▶ Exercise directions
Repeat the records below exactly from the line containing "The charging station" to the line containing "Download Videos on Fansly", taking in both of those lines. Drop the pictures.

▶ Dataset extract

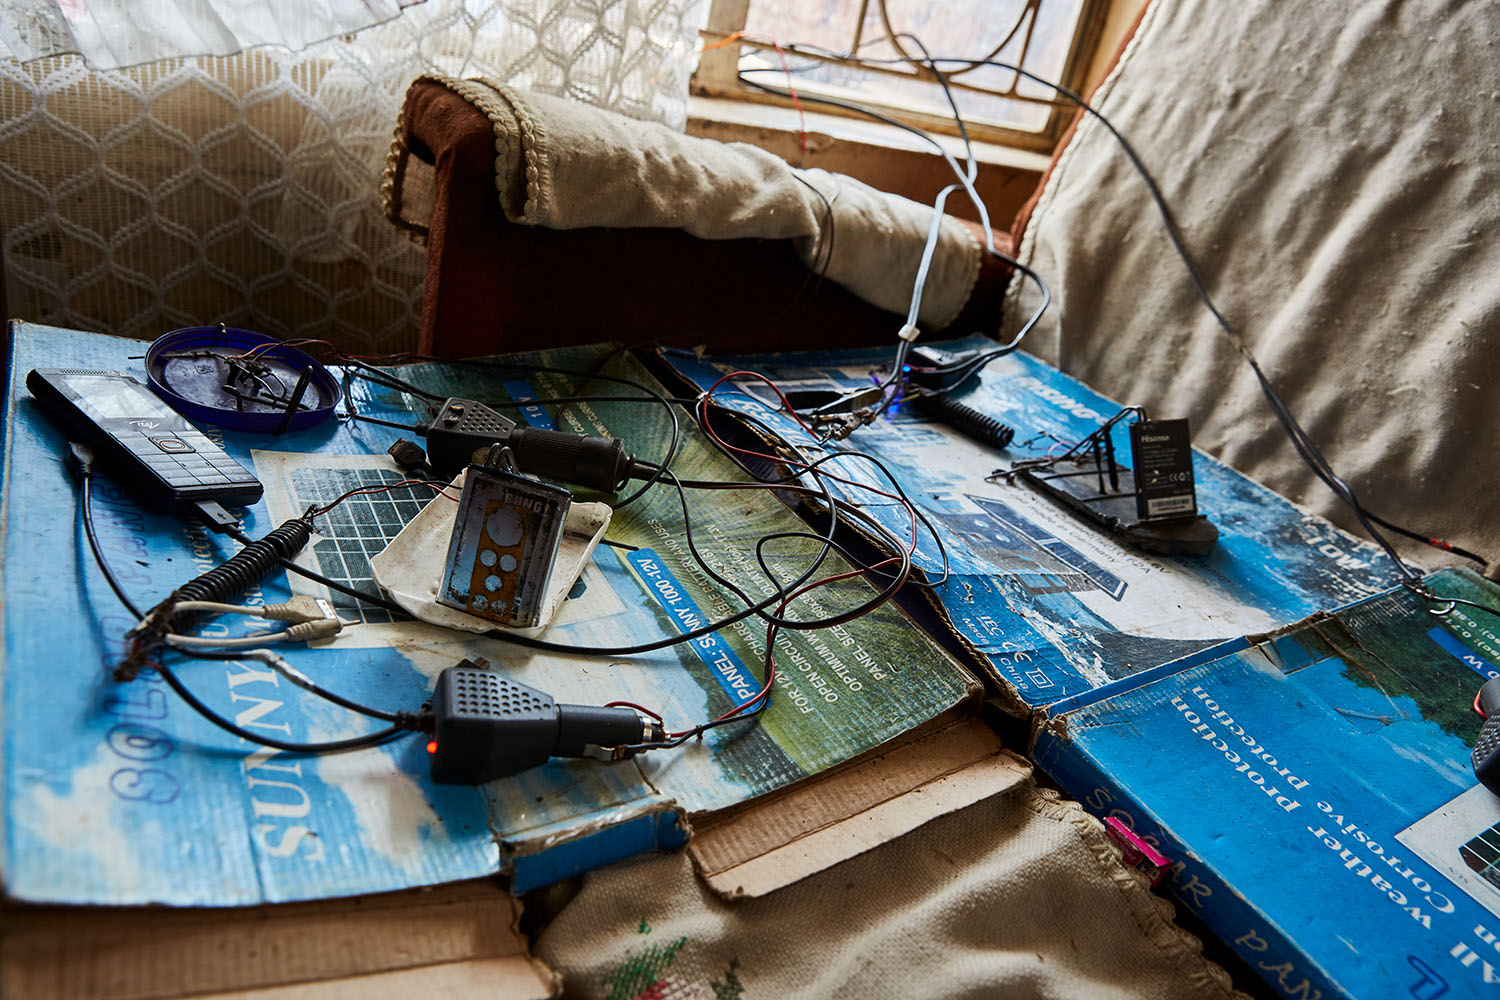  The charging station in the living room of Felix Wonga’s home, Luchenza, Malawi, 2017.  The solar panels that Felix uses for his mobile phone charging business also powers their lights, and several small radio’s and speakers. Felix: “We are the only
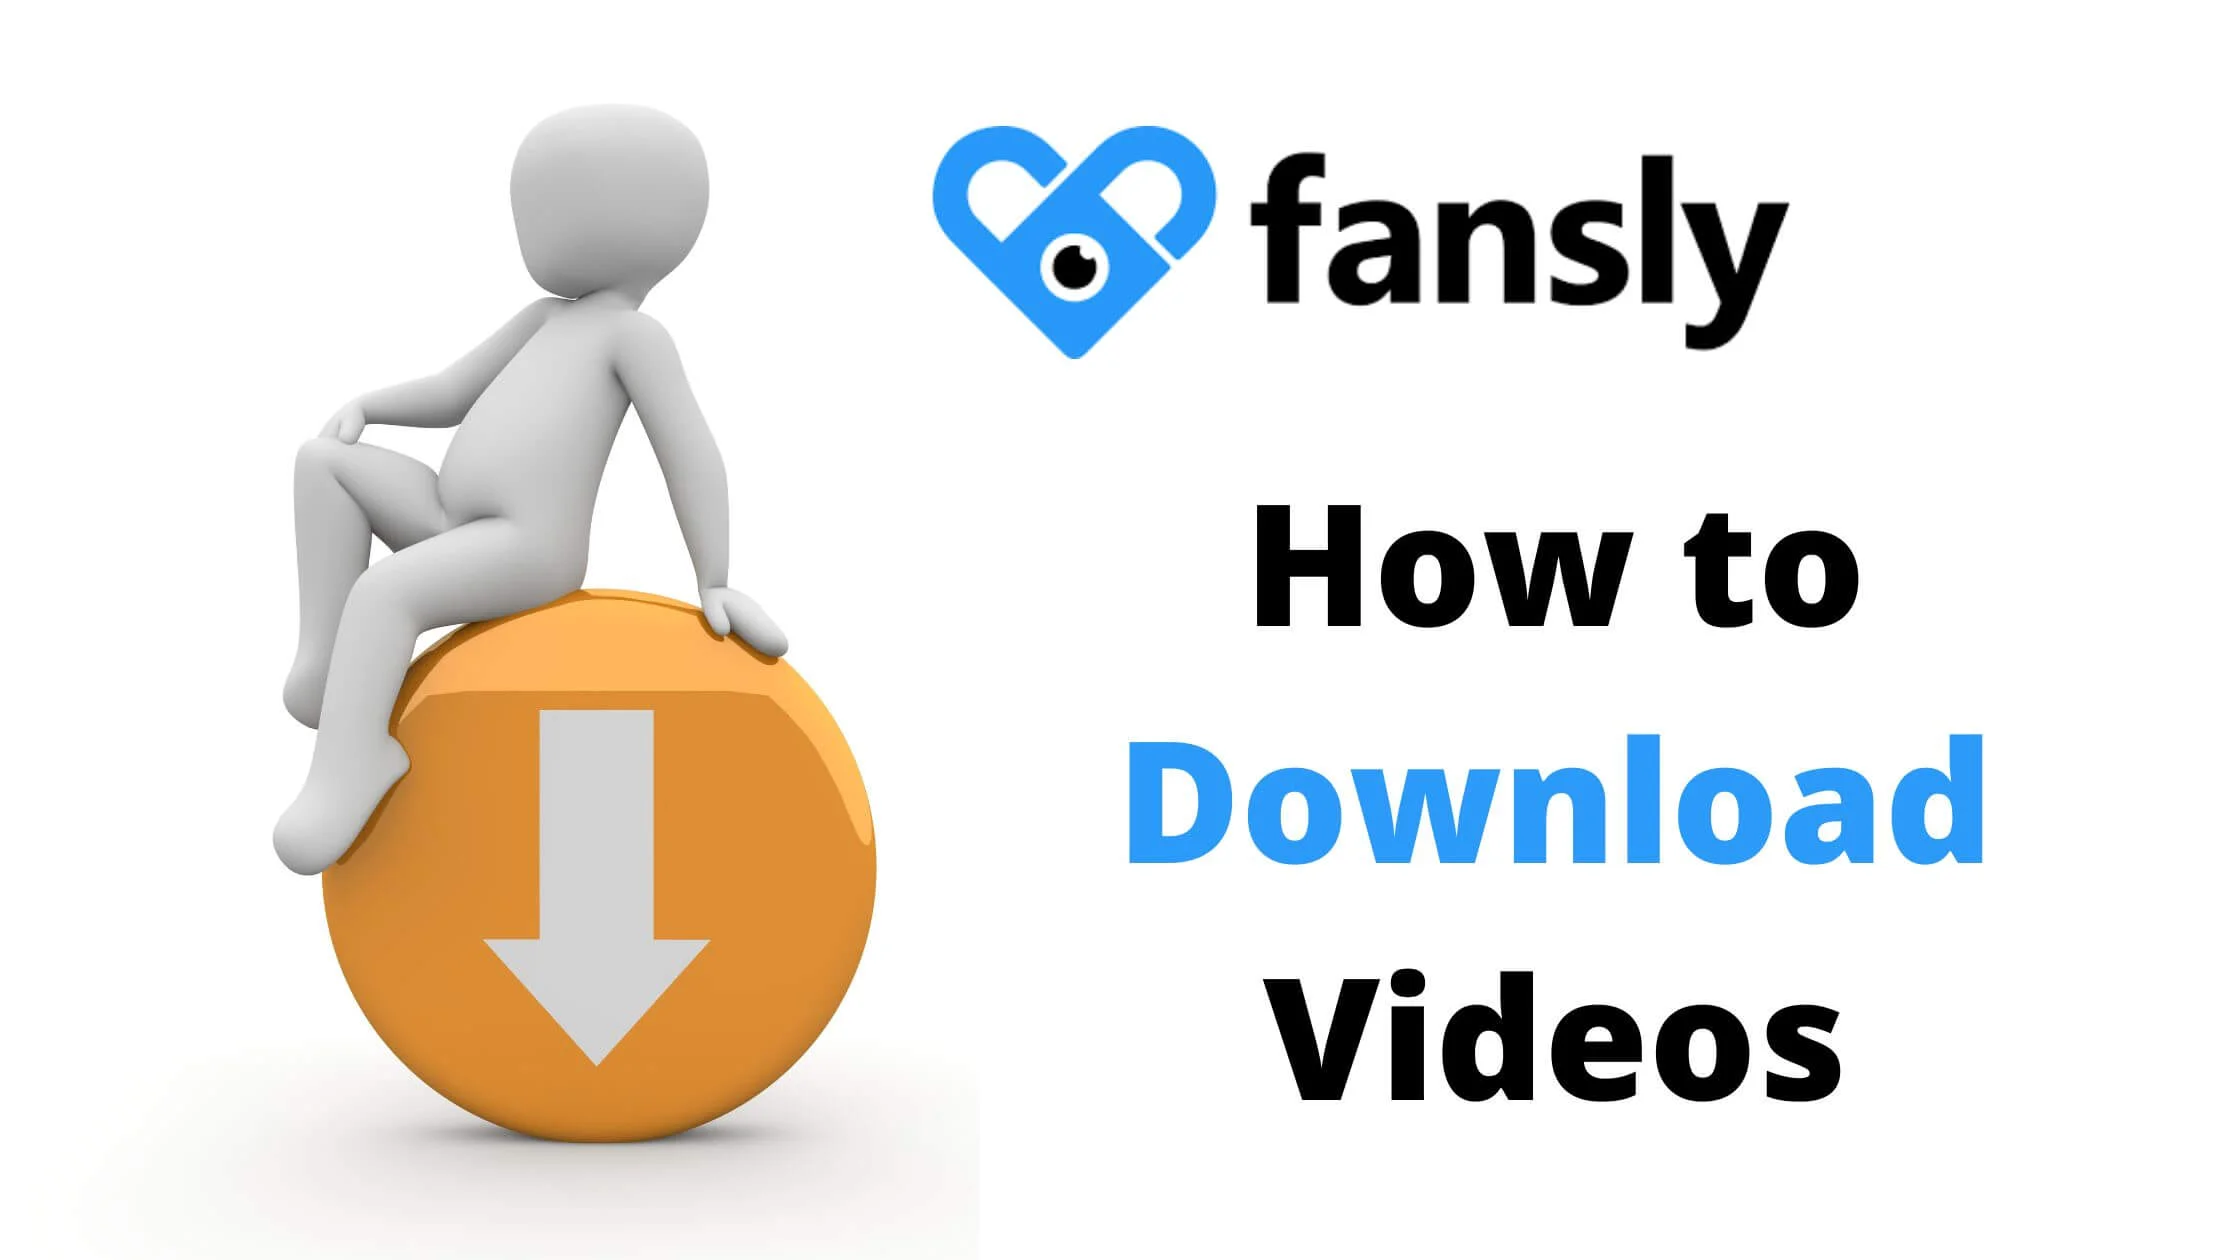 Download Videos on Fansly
* * *
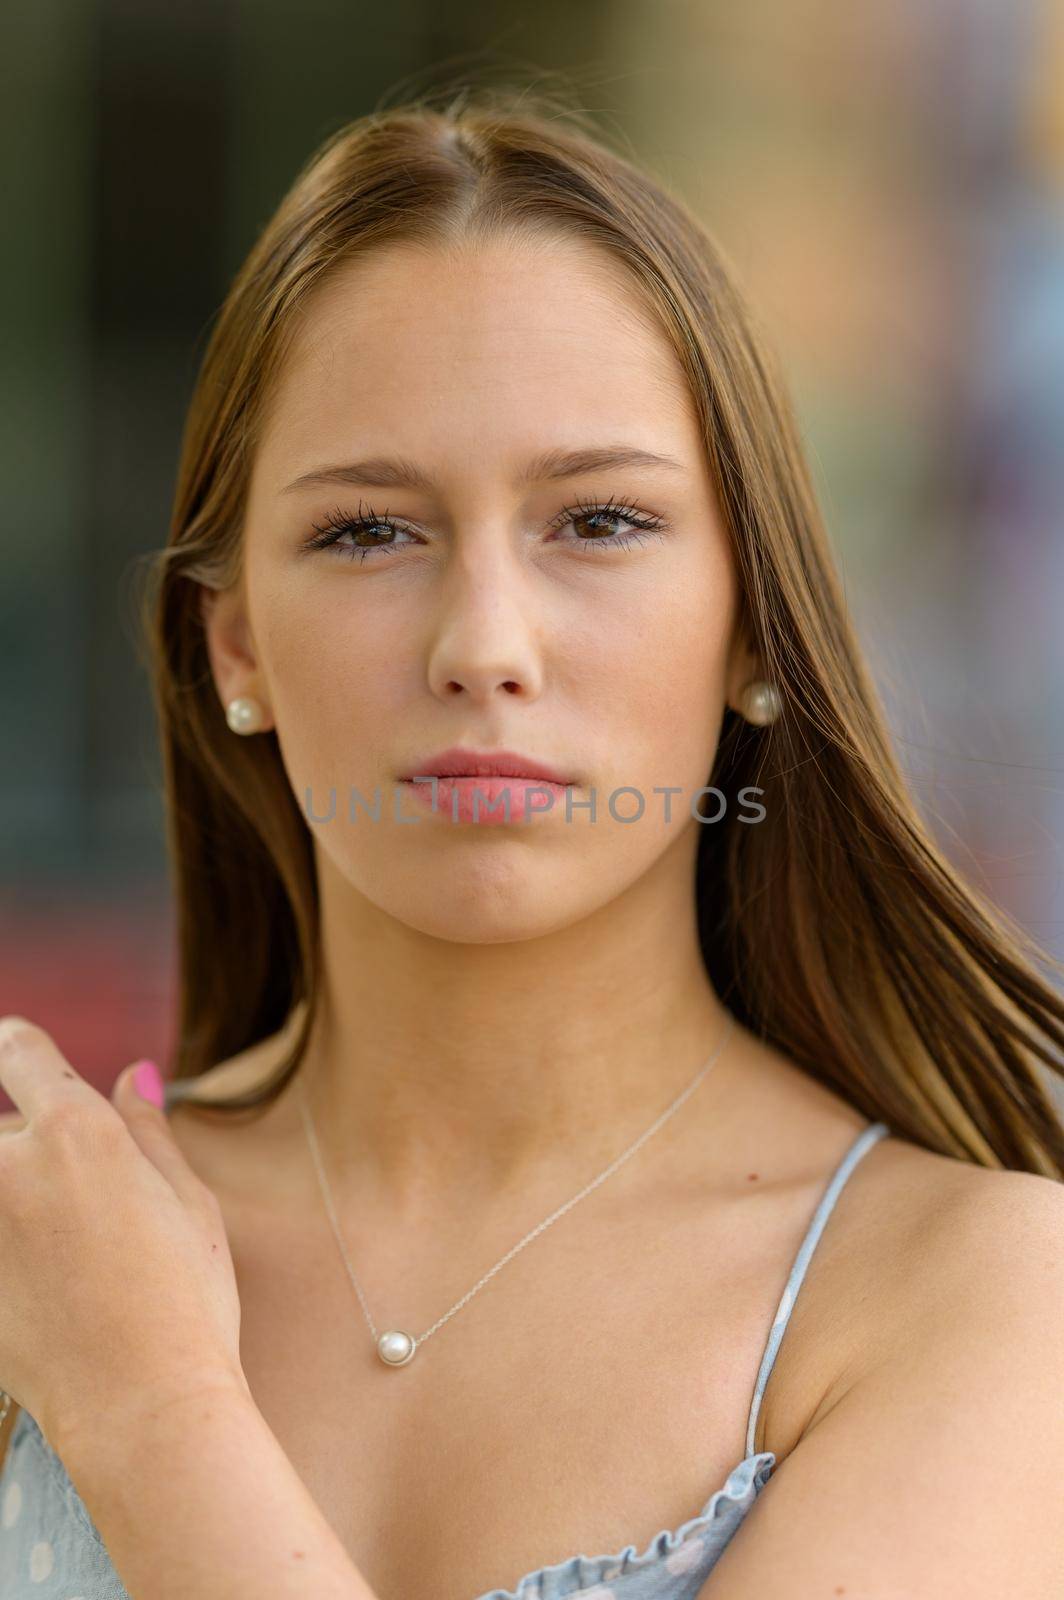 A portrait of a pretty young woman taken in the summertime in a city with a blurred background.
---
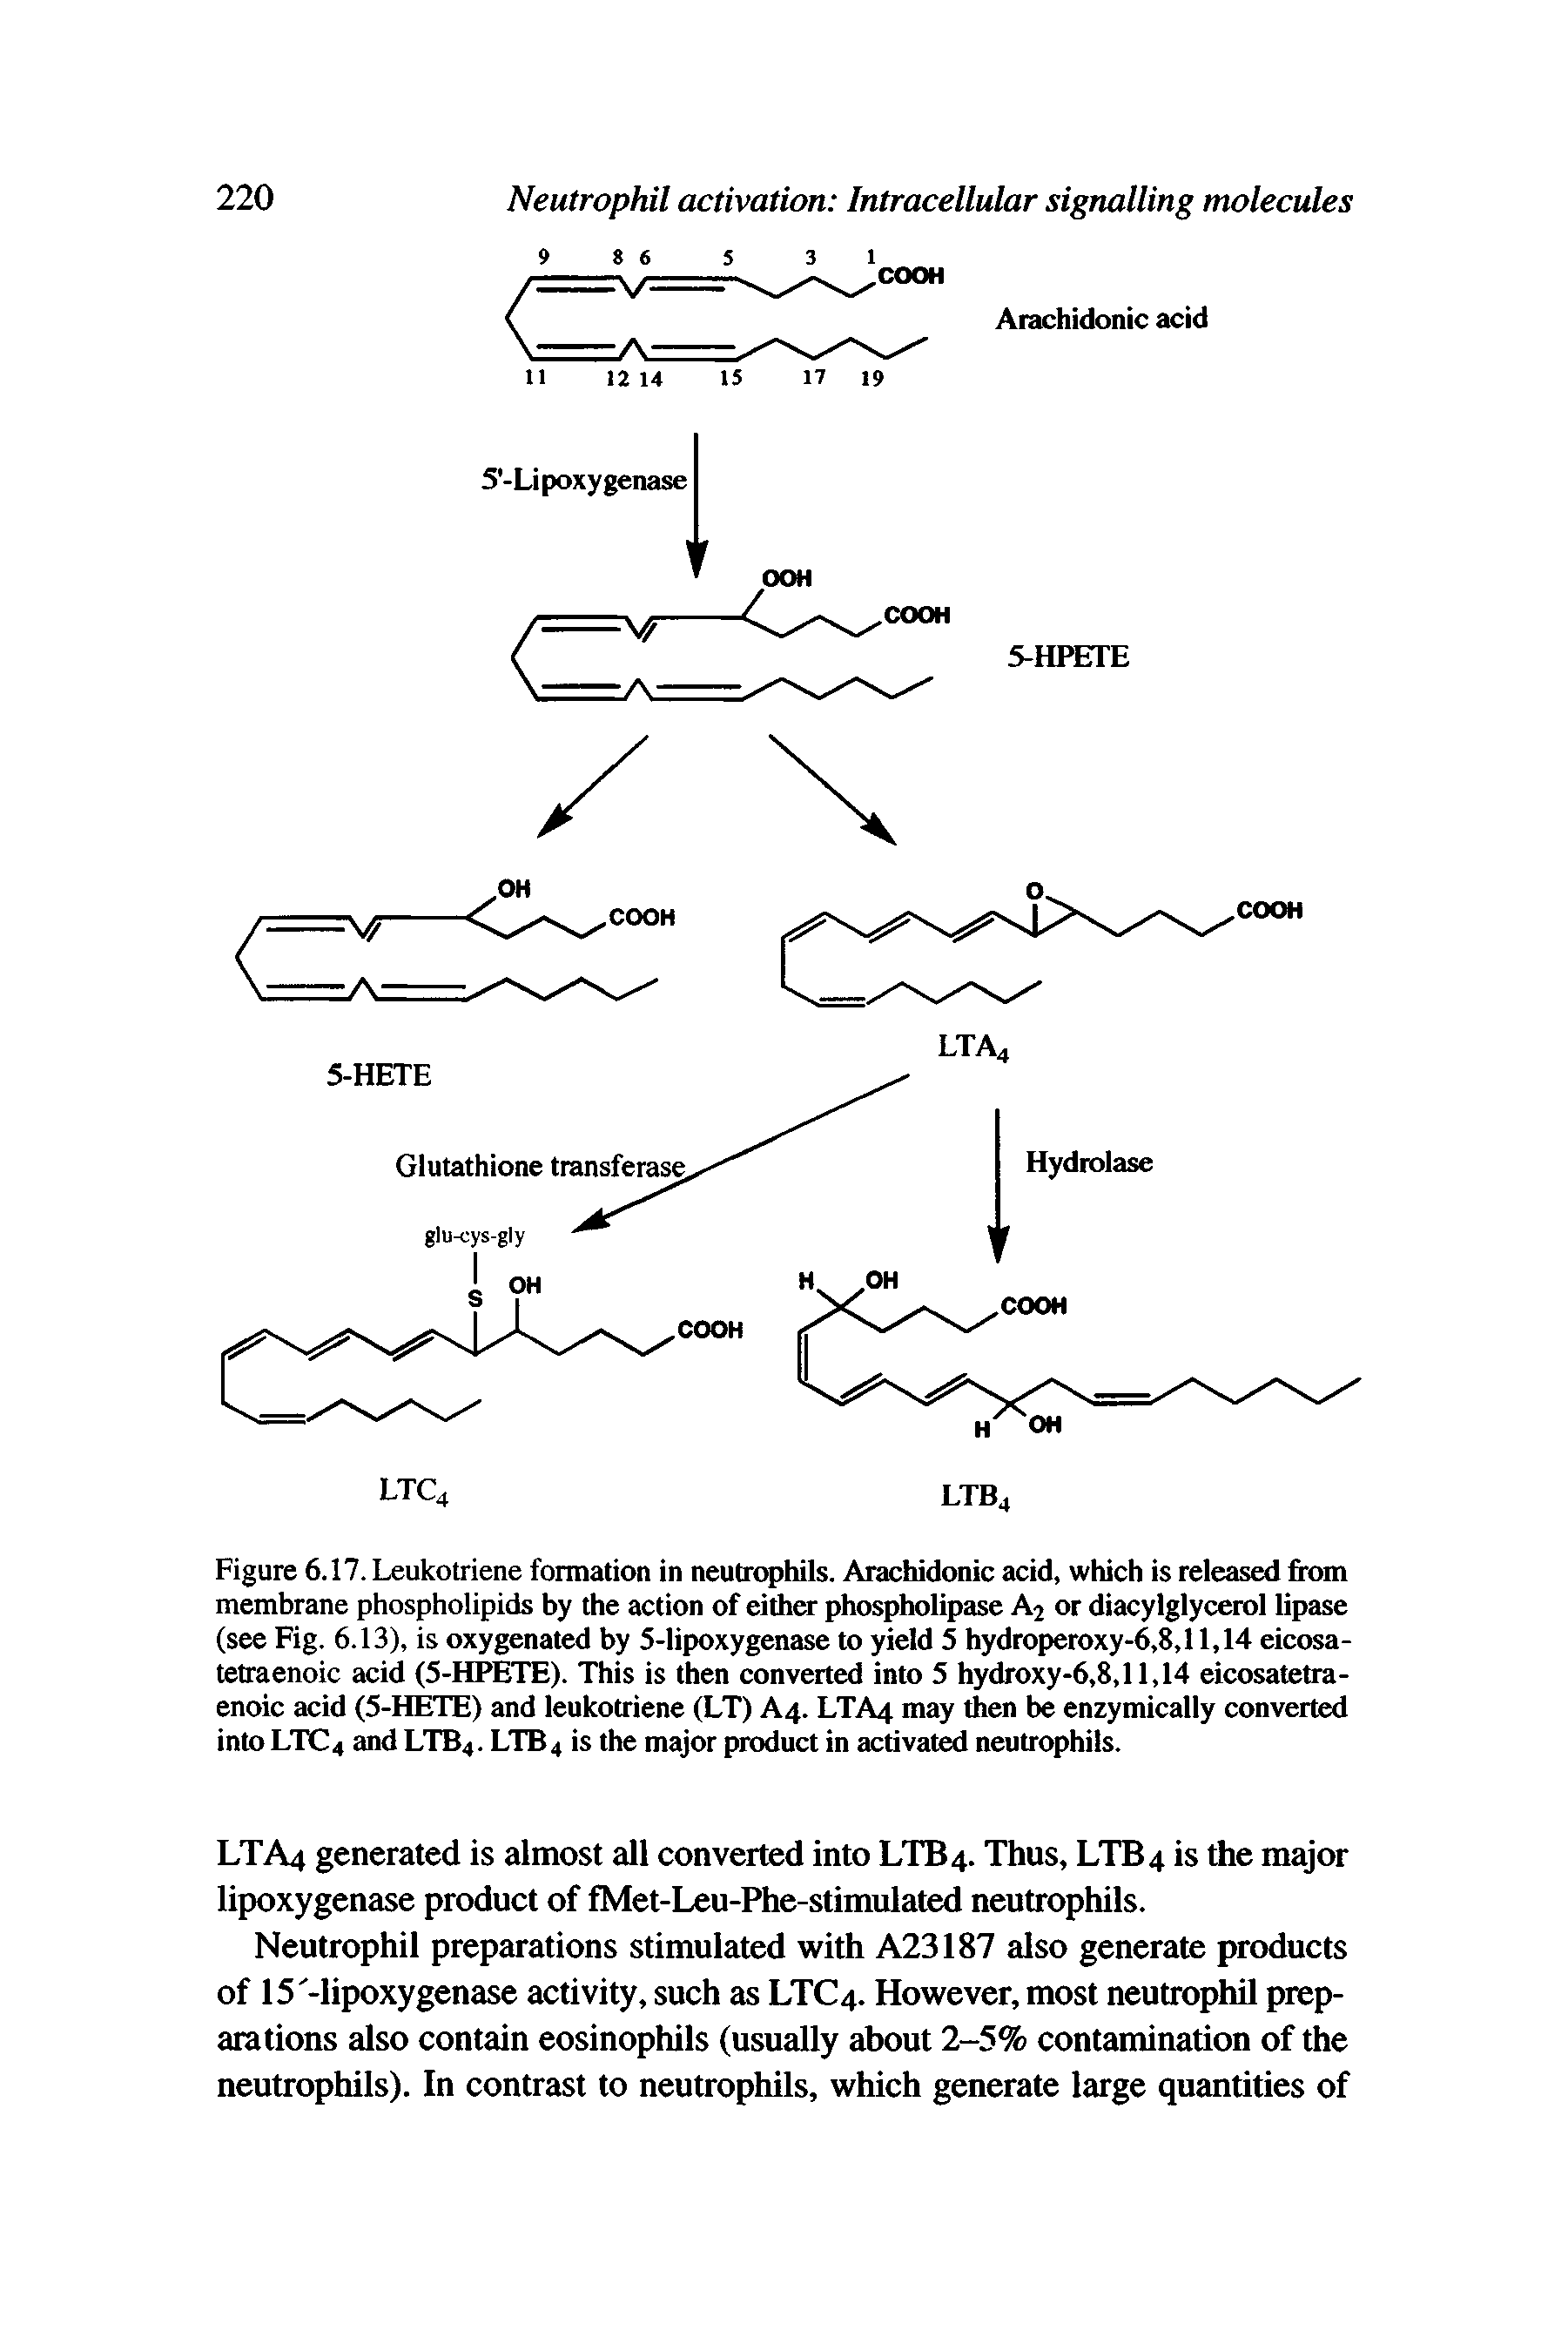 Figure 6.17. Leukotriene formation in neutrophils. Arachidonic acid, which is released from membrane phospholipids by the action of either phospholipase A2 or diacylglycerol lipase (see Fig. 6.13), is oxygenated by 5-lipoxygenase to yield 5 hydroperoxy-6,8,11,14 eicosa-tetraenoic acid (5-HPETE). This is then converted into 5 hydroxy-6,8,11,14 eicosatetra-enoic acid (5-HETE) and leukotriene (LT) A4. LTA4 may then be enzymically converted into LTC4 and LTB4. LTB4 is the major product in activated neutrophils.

▶ Answer to this task
  The charging station in the living room of Felix Wonga’s home, Luchenza, Malawi, 2017.  The solar panels that Felix uses for his mobile phone charging business also powers their lights, and several small radio’s and speakers. Felix: “We are the only
 Download Videos on Fansly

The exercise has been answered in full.